Advantageous effects

(1) The invention provides a preparation method of trifluoromethane, which uses trifluoromethane sulfonic acid and salt thereof as raw materials and water or high boiling point alcohol solvent to prepare trifluoromethane by one step through chemical reaction; the production operation is simple.

(2) The impurities generated by the method are air, carbon dioxide and a small amount of solvent steam, and the impurities have large physical property difference with trifluoromethane, can be easily separated and are beneficial to the subsequent purification process.

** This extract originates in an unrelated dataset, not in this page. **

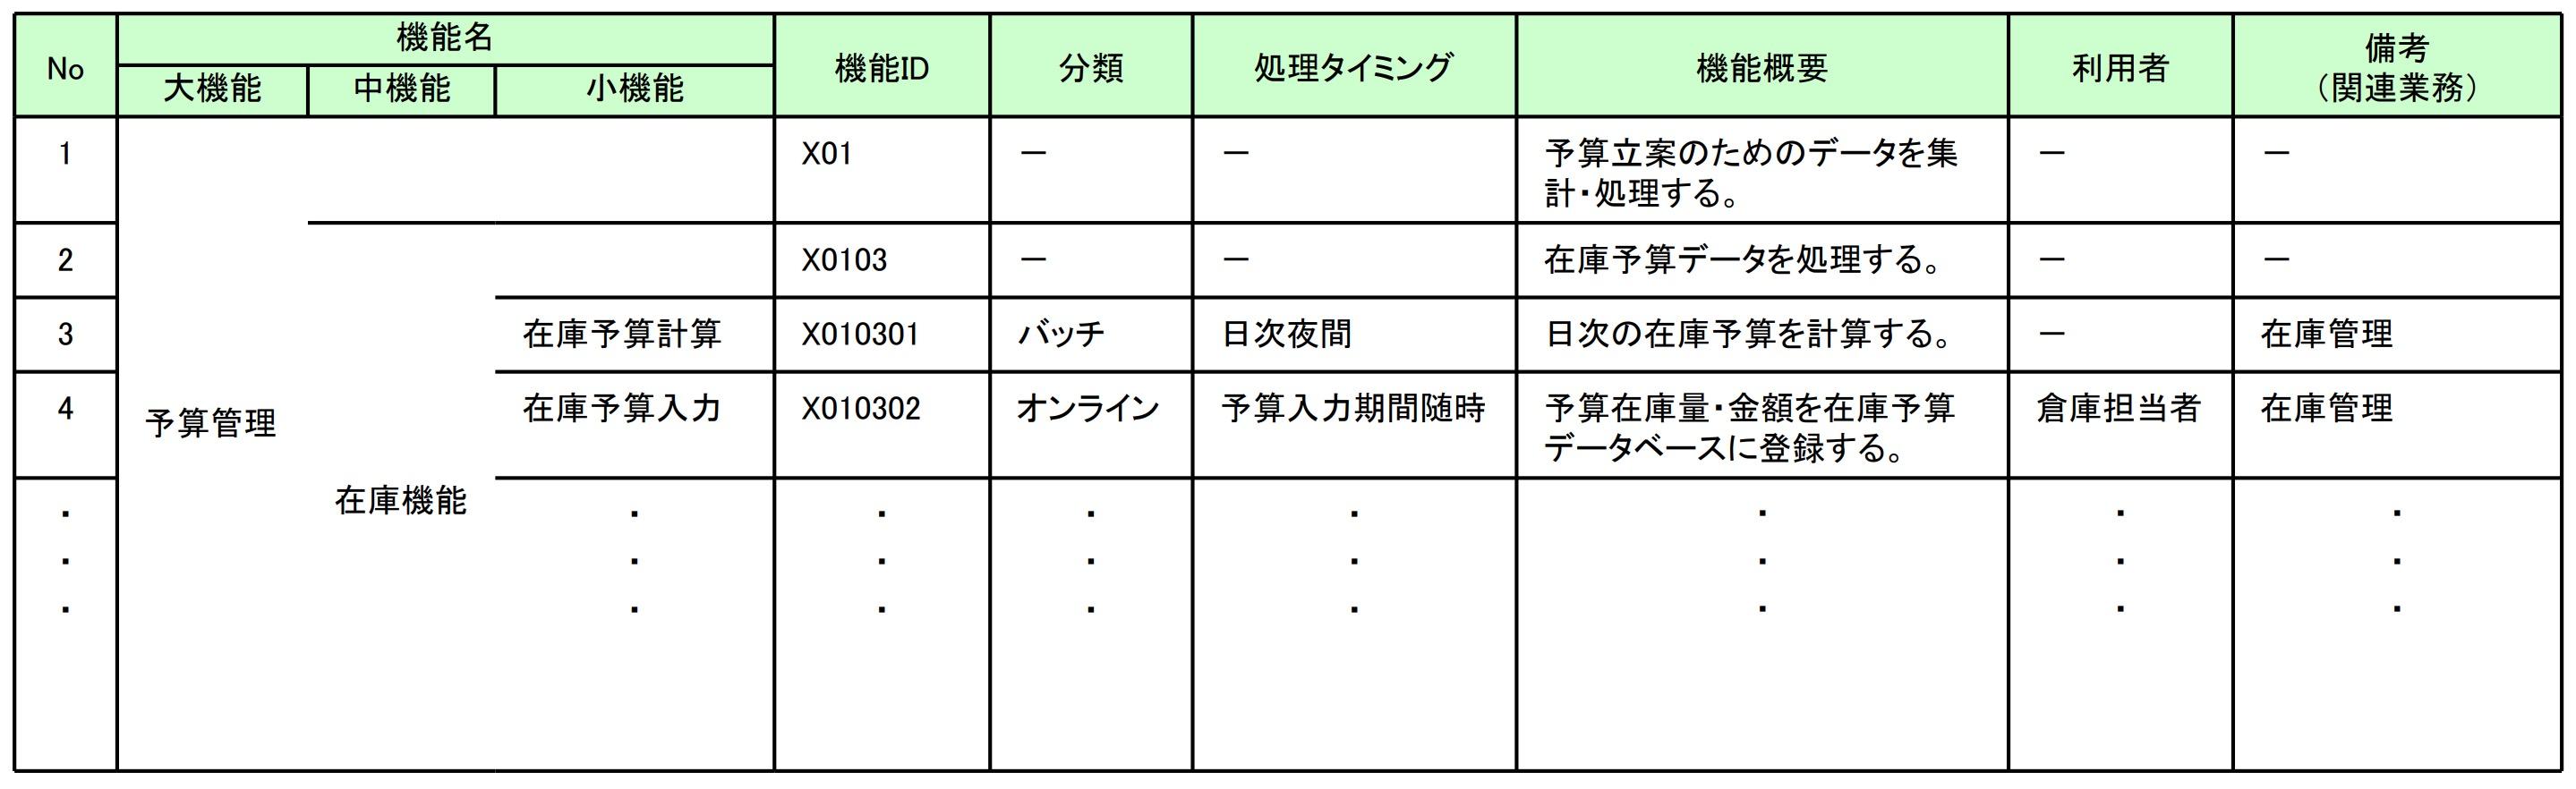 システム機能構成表(サンプル)

(3) And the subsequent purification of the trifluoromethane to prepare the electronic grade gas is facilitated because the trifluoromethane is not contacted with chlorine-containing compounds.

Drawings

FIG. 1 is an infrared absorption spectrum of the product obtained in example 1;

FIG. 2 is a gas chromatogram of the product of example 1;

FIG. 3 is a gas chromatogram of the product of example 2;

FIG. 4 is a gas chromatogram of the product of example 3.

Detailed Description

The invention is described in detail below with reference to the drawings and specific examples, but the invention is not limited thereto.

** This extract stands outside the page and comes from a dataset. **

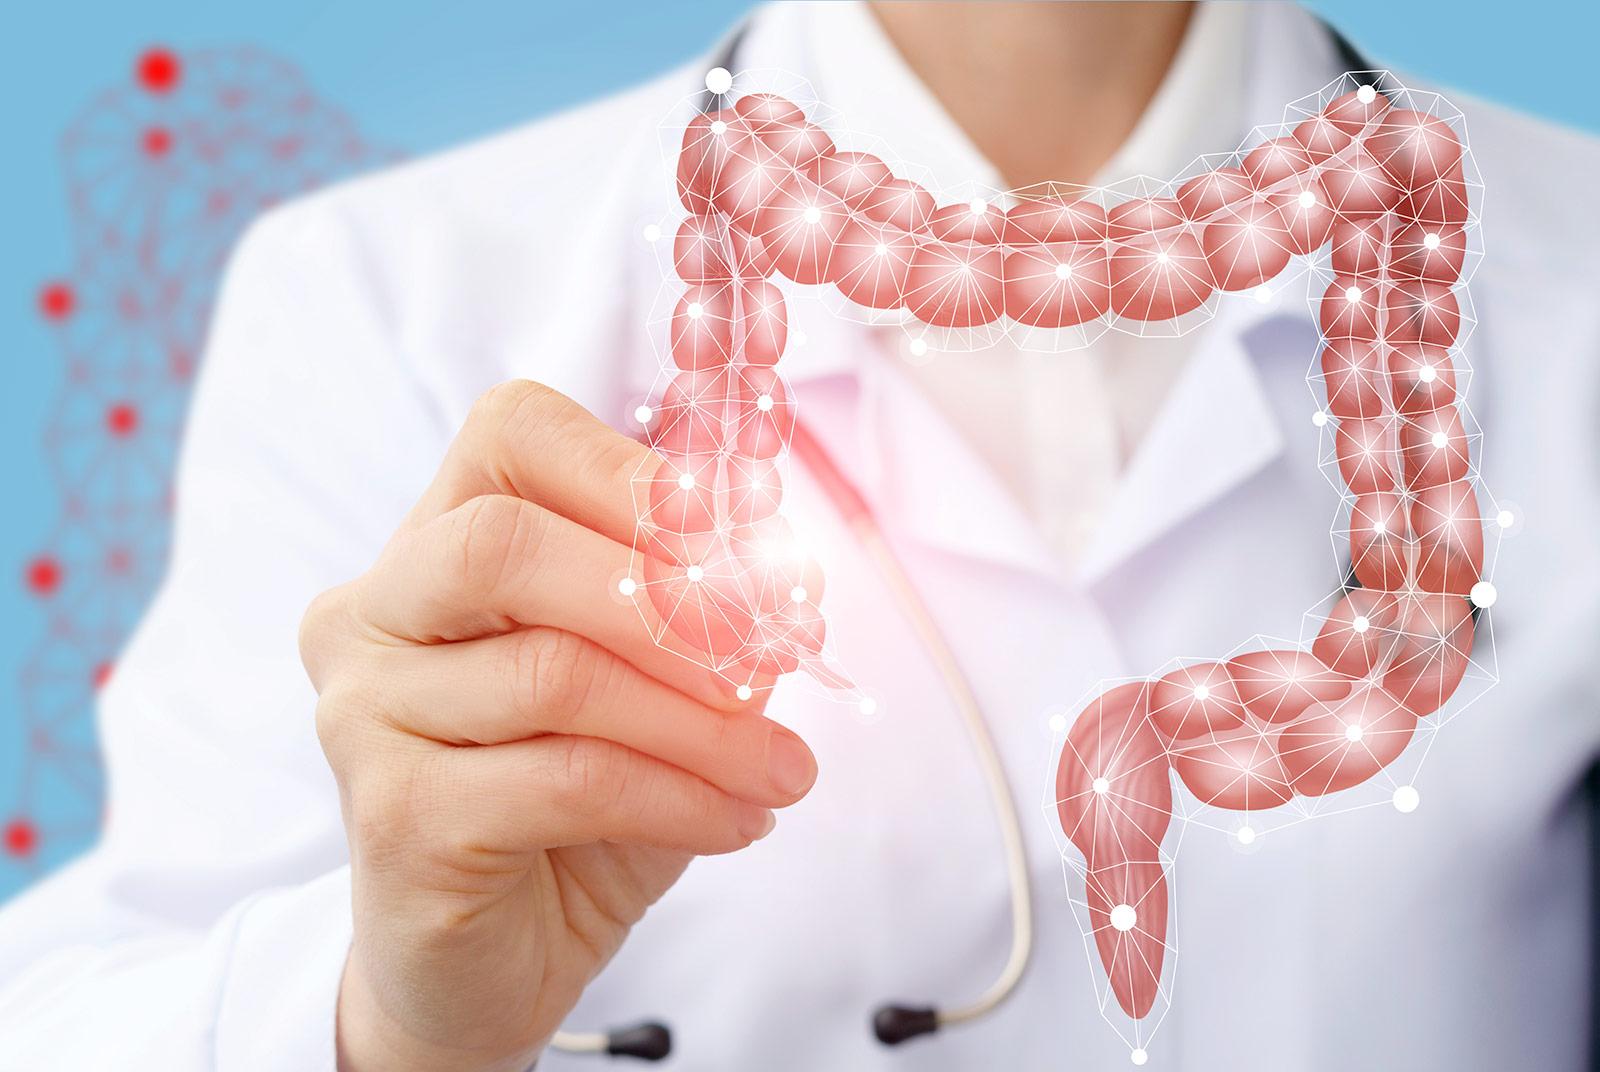 malassorbimento-intestinale-celiachia-intolleranza-lattosio-allergie-alimentari

In the following examples:

and (3) identifying the substance by adopting an IS-10 infrared spectrometer.

The purity was determined using an agilent 7820 gas chromatograph.

Example 1

Dissolving 150g of trifluoromethanesulfonic acid and 62g of potassium hydroxide in 500mL of water, heating to 100 ℃, and carrying out reflux reaction until no gas is generated; collecting a gas-phase product with a boiling point of-84 ℃ generated by the reaction by using a liquid nitrogen cold trap at the temperature of-196 ℃ to obtain a liquid target product; the infrared spectrum test of the product is carried out, the result is shown in figure 1, and the comparison with the infrared spectrum of a trifluoromethane standard sample shows that the trifluoromethane is prepared in the embodiment; the product obtained in this example was subjected to gas chromatography, and the results are shown in fig. 2, and the product obtained in this example had a trifluoromethane volume fraction of 95.7% or more.

Example 2

Dissolving 165g of calcium trifluoromethanesulfonate and 44g of sodium hydroxide in 500mL of polyethylene glycol, wherein the molecular weight of the polyethylene glycol is 2000, heating to 150 ℃ for reaction, and reacting until no gas is generated; collecting a gas-phase product with a boiling point of-84 ℃ generated by the reaction by using a dry ice cold trap at the temperature of-100 ℃ to obtain a liquid target product; the product obtained in this example was subjected to a gas chromatography test, and the result is shown in fig. 3, in which the product obtained in this example contained trifluoromethane in a volume fraction of 98.5% or more.

Example 3

Dissolving 210g of trifluoromethanesulfonic acid and 27g of lithium hydroxide in 500mL of tetraethylene glycol, heating to 120 ℃ for reaction, and reacting until no gas is generated; collecting a gas-phase product with a boiling point of-84 ℃ generated by the reaction by using a liquid nitrogen cold trap at the temperature of-150 ℃ to obtain a liquid target product; the product obtained in this example was subjected to a gas chromatography test, and as a result, as shown in fig. 4, the volume fraction of trifluoromethane in the product obtained in this example was 95.5% or more.

In summary, the above description is only a preferred embodiment of the present invention, and is not intended to limit the scope of the present invention. Any modification, equivalent replacement, or improvement made within the spirit and principle of the present invention should be included in the protection scope of the present invention.